NESA wants you to classify the six main types of pathogen, describe a defining structural feature of each, and give at least one named example of a disease they cause in plants or animals. This is foundational content that appears in multiple choice every year and underpins almost every Module 7 extended response.

The answer

A pathogen is any biological agent that causes disease in a host. Pathogens fall into six categories: prions, viruses, bacteria, protozoa, fungi and macroparasites.

Prions

Structure. Misfolded proteins. No nucleic acid, no cell structure.

Mechanism. A prion induces normal cellular proteins (often PrP in nervous tissue) to misfold into the same abnormal shape, creating aggregates that destroy brain tissue.

Example. Bovine spongiform encephalopathy (BSE, "mad cow disease") and the human variant Creutzfeldt-Jakob disease.

Viruses

Structure. Acellular particles. Nucleic acid (DNA or RNA) enclosed in a protein capsid, sometimes with a lipid envelope. Not considered living.

Mechanism. Cannot replicate independently. Inject genetic material into a host cell and hijack the host's machinery to produce new viral particles.

Examples. Influenza A (RNA virus, respiratory), HIV (retrovirus, immune cells), tobacco mosaic virus (plant pathogen affecting tomato and tobacco leaves).

Bacteria

Structure. Prokaryotic single-celled organisms. Cell wall (peptidoglycan), plasma membrane, cytoplasm, 70S ribosomes, circular DNA, often with plasmids. No nucleus.

Mechanism. Cause disease by producing toxins (e.g. Clostridium tetani releases tetanospasmin) or by colonising and damaging host tissue.

Examples. Mycobacterium tuberculosis (tuberculosis), Vibrio cholerae (cholera), Agrobacterium tumefaciens (crown gall in plants).

Protozoa

Structure. Single-celled eukaryotes. Have a nucleus, membrane-bound organelles and often complex life cycles.

Mechanism. Often transmitted by vectors. Invade specific tissues and reproduce inside host cells.

Examples. Plasmodium falciparum (malaria, transmitted by Anopheles mosquito), Trypanosoma brucei (African sleeping sickness, tsetse fly).

Fungi

Structure. Eukaryotic, either unicellular (yeasts) or multicellular (moulds with hyphae). Cell walls made of chitin.

Mechanism. Often opportunistic, infecting compromised tissue or hosts. Spread by spores.

Examples. Tinea pedis (athlete's foot in humans), Candida albicans (thrush), Puccinia graminis (wheat stem rust, a major plant pathogen).

Macroparasites

Structure. Multicellular eukaryotic organisms, often with complex life cycles. Includes helminths (worms) and ectoparasites (fleas, ticks).

Mechanism. Live in or on the host, drawing nutrients and causing tissue damage, blood loss or immune dysfunction.

Examples. Taenia solium (pork tapeworm), Schistosoma mansoni (blood fluke causing schistosomiasis), Phytophthora infestans (a protist-like macroparasite causing potato blight).

Worked example

A patient presents with a high fever, cyclical chills and red blood cell destruction after returning from sub-Saharan Africa. Blood smear shows ring-shaped organisms inside red blood cells.

Classification. The pathogen is a protozoan, specifically Plasmodium falciparum.

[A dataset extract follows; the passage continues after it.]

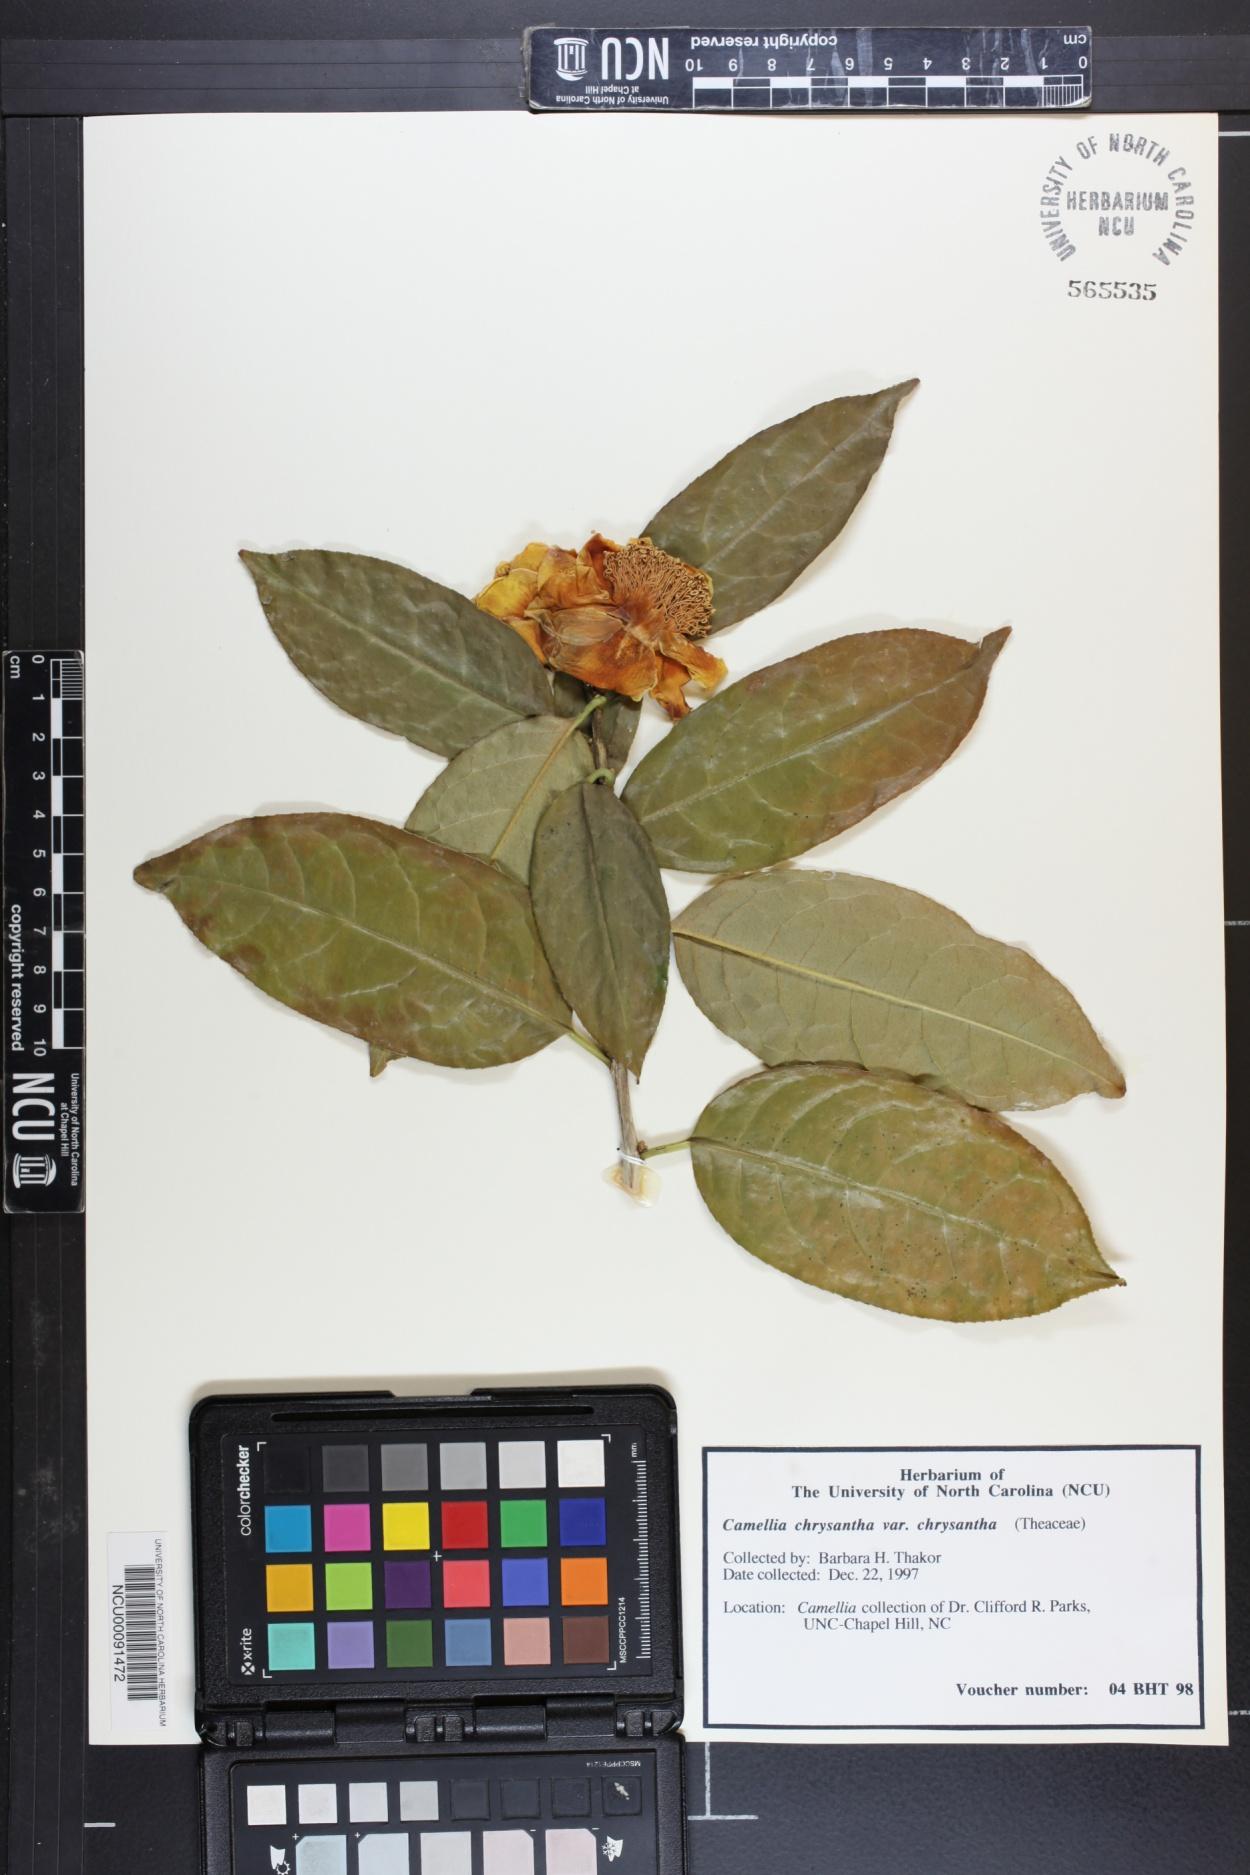 Camellia chrysantha image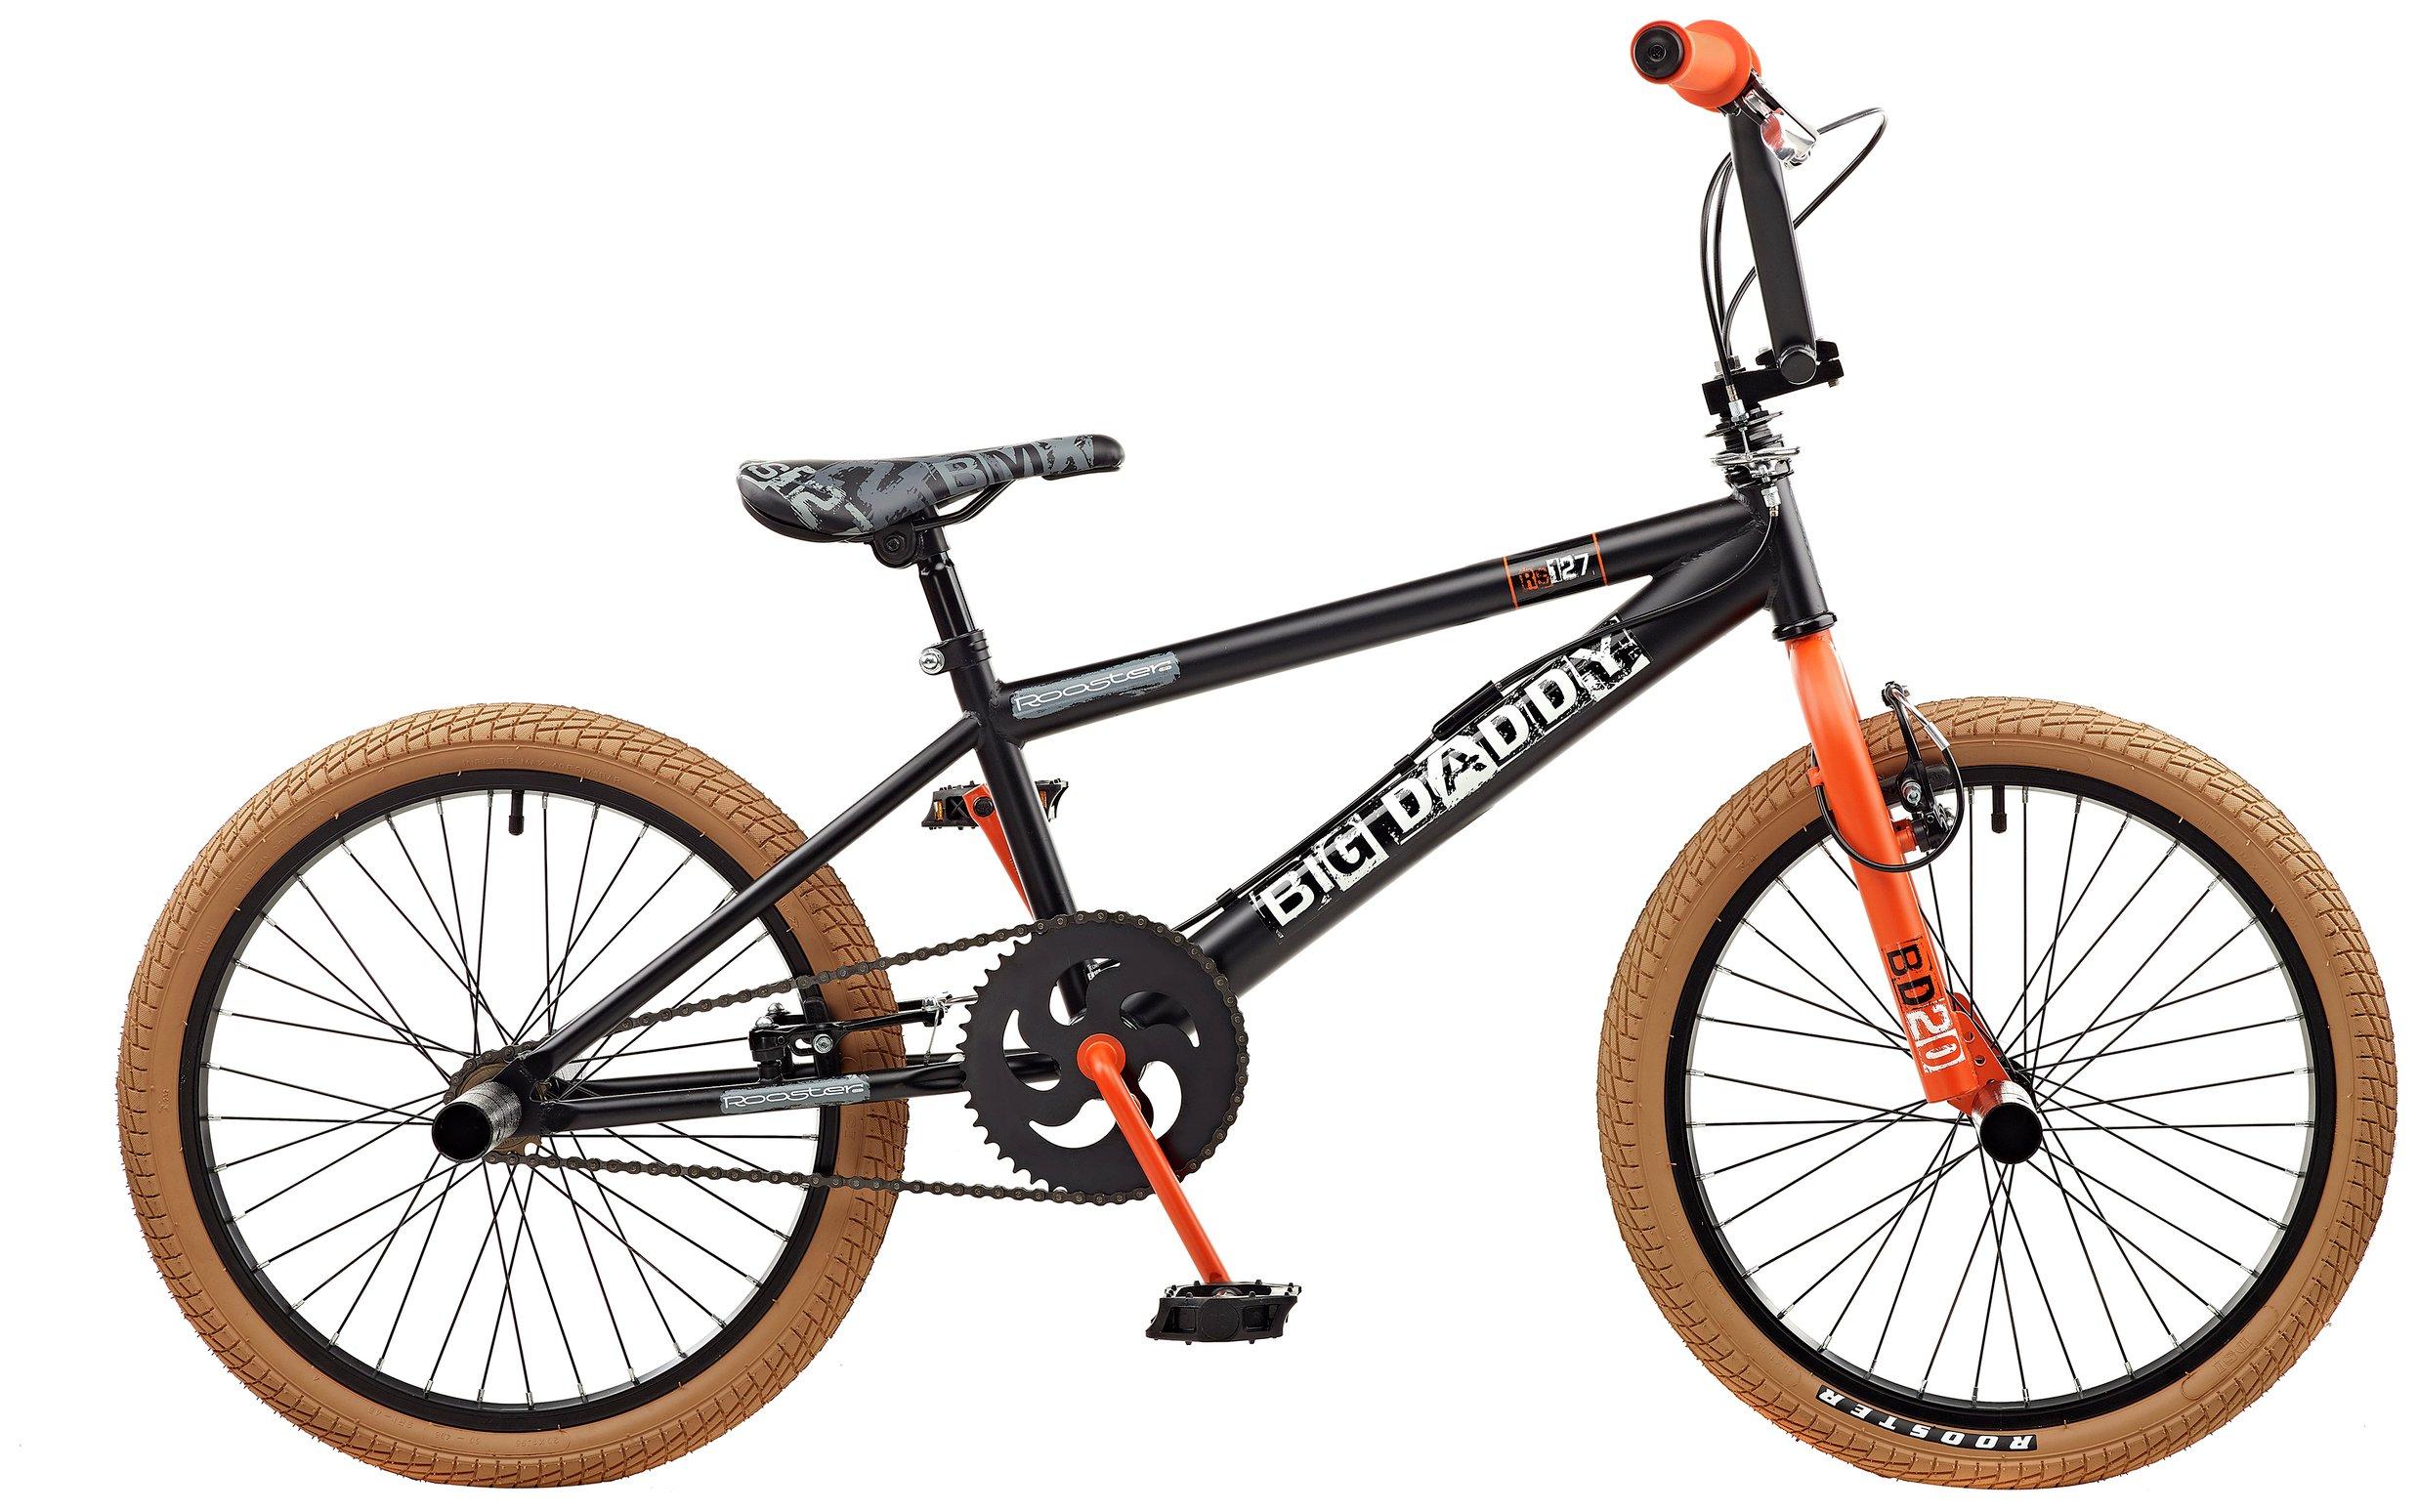 'Rooster Big Daddy 20 Bmx Bike - Black & Orange

Justification. Single-celled eukaryote, parasitic life cycle inside red blood cells, transmitted by a vector (Anopheles mosquito). Antibiotics are ineffective because the pathogen is eukaryotic. Antimalarial drugs (artemisinin combination therapy) are required.

Common traps

Calling viruses "living." They are acellular and cannot replicate independently. Most syllabus answers describe them as "non-cellular" or "acellular particles."

Forgetting plant pathogens. NESA requires examples in plants and animals. Include at least one plant pathogen (tobacco mosaic virus, wheat stem rust, or crown gall).

Mixing protozoa with bacteria. Protozoa are eukaryotic single-celled organisms with a nucleus and membrane-bound organelles. Bacteria are prokaryotic.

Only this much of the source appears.